L’occasione del dialogo è l’avvio, nel prossimo anno accademico, del corso abilitante in Scienze della formazione primaria che sarà inserito nell’offerta formativa della sede di Piacenza-Cremona dell’Università Cattolica del Sacro Cuore. Per questo, alle domande del conduttore Andrea Bergonzi, ha risposto il professor Pierpaolo Triani, docente e coordinatore del corso. Altra ospite in studio è stata Anna Pozzi, giovane insegnante presso la scuola primaria “Sacra Famiglia” di Cremona, laureata proprio alla Cattolica.
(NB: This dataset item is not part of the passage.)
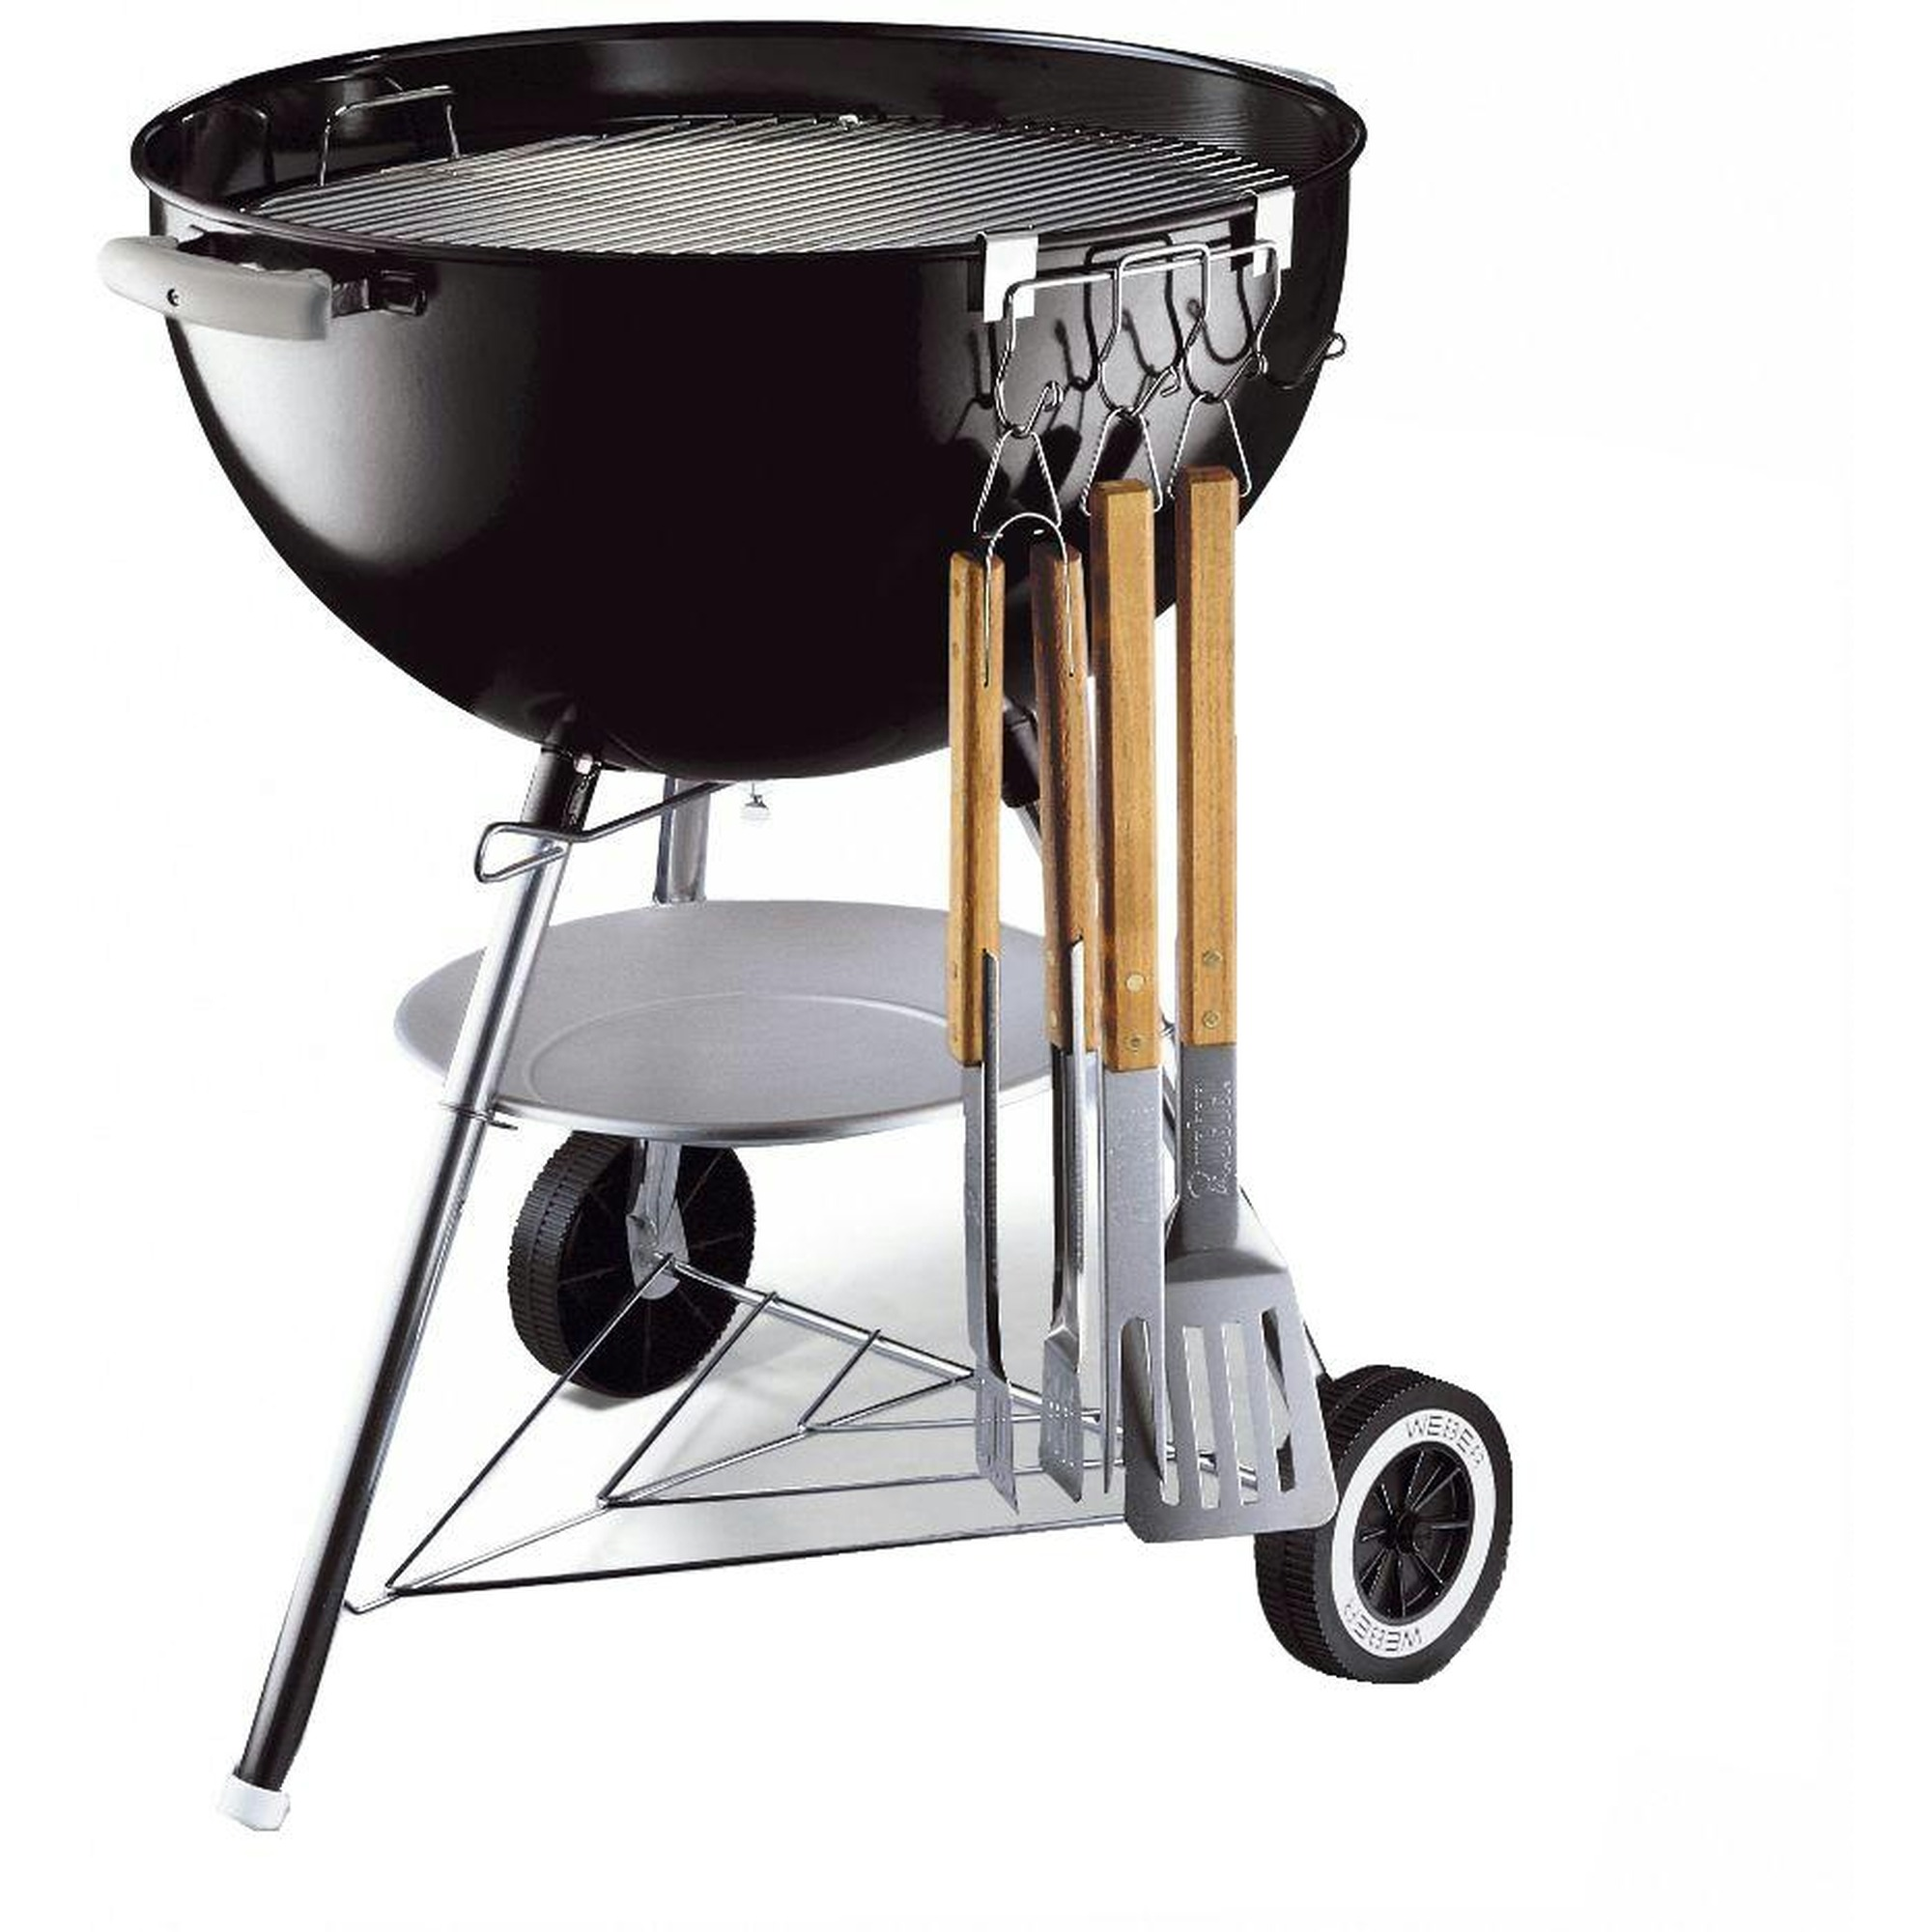 Weber gereedschaphouder t.b.v. houtskool barbecue staal

Lo speciale si è arricchito grazie a contributi concernenti il nuovo corso universitario e all’intervento di Roberta Balzarini, dirigente delle scuole paritarie della cooperativa Cittanova e preside del liceo Vida di Cremona.

Con un’attenzione particolare alla scuola primaria, la trasmissione ha guardato con interesse al rapporto tra la ricca tradizione educativa italiana e l’esigenza di novità dettata dai tempi in cui viviamo. In effetti, come afferma Anna Pozzi, «è vero che questo è un periodo di transizione: sto trovando una scuola che cerca di adattarsi».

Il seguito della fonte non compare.